CCSS.ELA-LITERACY.RH.11-12.7Integrate and evaluate multiple sources of information presented in diverse formats and media (e.g., visually, quantitatively, as well as in words) in order to address a question or solve a problem.
C3 Framework:D2.His.3.6-8. Use questions generated about individuals and groups to analyze why they, and the developments they shaped, are seen as historically significant.
D2.His.3.9-12. Use questions generated about individuals and groups to assess how the significance of their actions changes over time and is shaped by the historical context.National Council for Social Studies:Theme 2: Time, Continuity and Change
Teacher Tip: Think about what students should be able to KNOW, UNDERSTAND and DO at the conclusion of this learning experience. A brief exit pass or other formative assessment may be used to assess student understandings. Setting specific learning targets for the appropriate grade level and content area will increase student success.
Suggested Grade Levels: Middle/High School
Suggested Timeframe: 2 sessions, 90 minutes each session.Suggested Materials: Internet access via laptop, tablet or mobile device. Drawing materials (paper, pencil, colored pencils or crayons/markers)
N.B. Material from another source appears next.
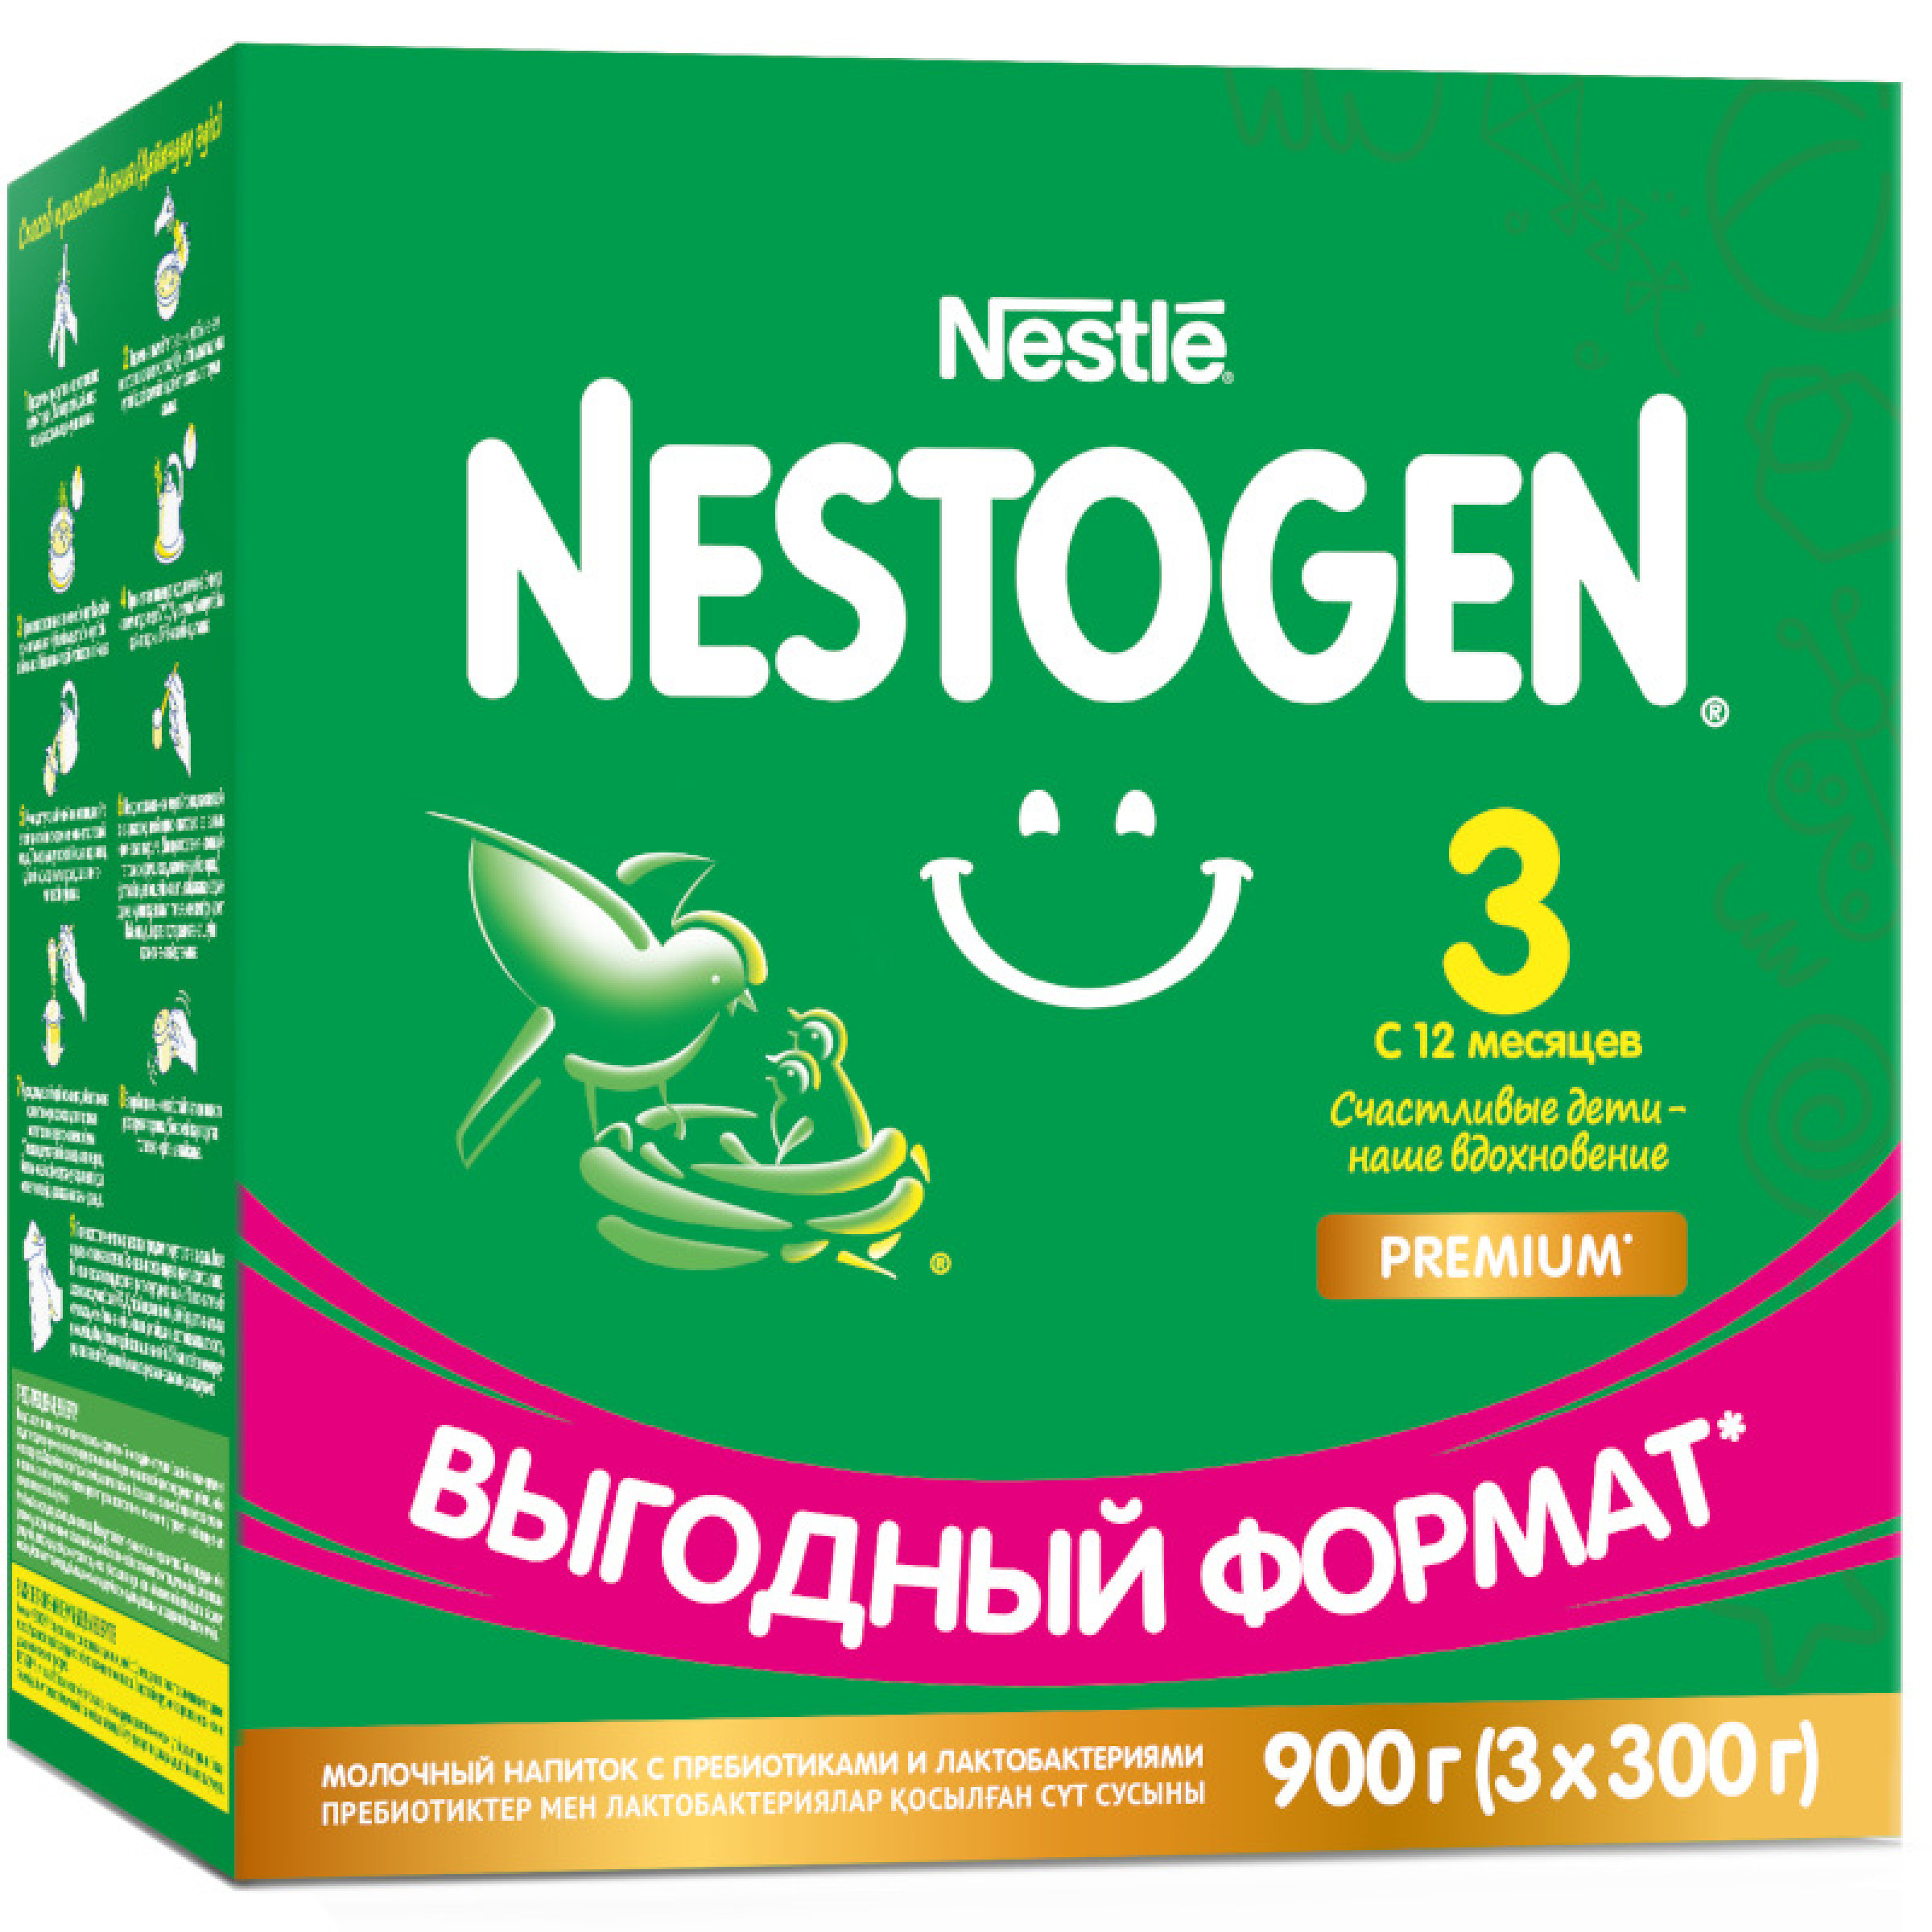 Сухой молочный напиток Nestogen 3 с 12 месяцев с пребиотиками и лактобактериями 900 г

Activist - a person who strongly supports an issue and engages in work to improve or resolve it
Complicit - choosing to be involved in an illegal or questionable act, especially with others
Cosplay - (costume + play), to dress as and pretend to be a character from a movie, TV show, comic book or video game
Exploitation - to use public relations, advertising, media attention to promote a person, a cause, a product for personal or financial gain
Good Trouble - Representative John Lewis’ guiding principle, “Good trouble, necessary trouble—It’s not only OK, but necessary to enact and inspire meaningful change.”
Government Sanctioned - authoritative approval or permission from local, state or federal levels of elected officials
Protest March - a group of people who walk and often carry signs, chant to show support for a cause or to express their feelings
Nonviolence - a policy of not using physical force, especially when reacting to or protesting against oppression, injustice, or discrimination.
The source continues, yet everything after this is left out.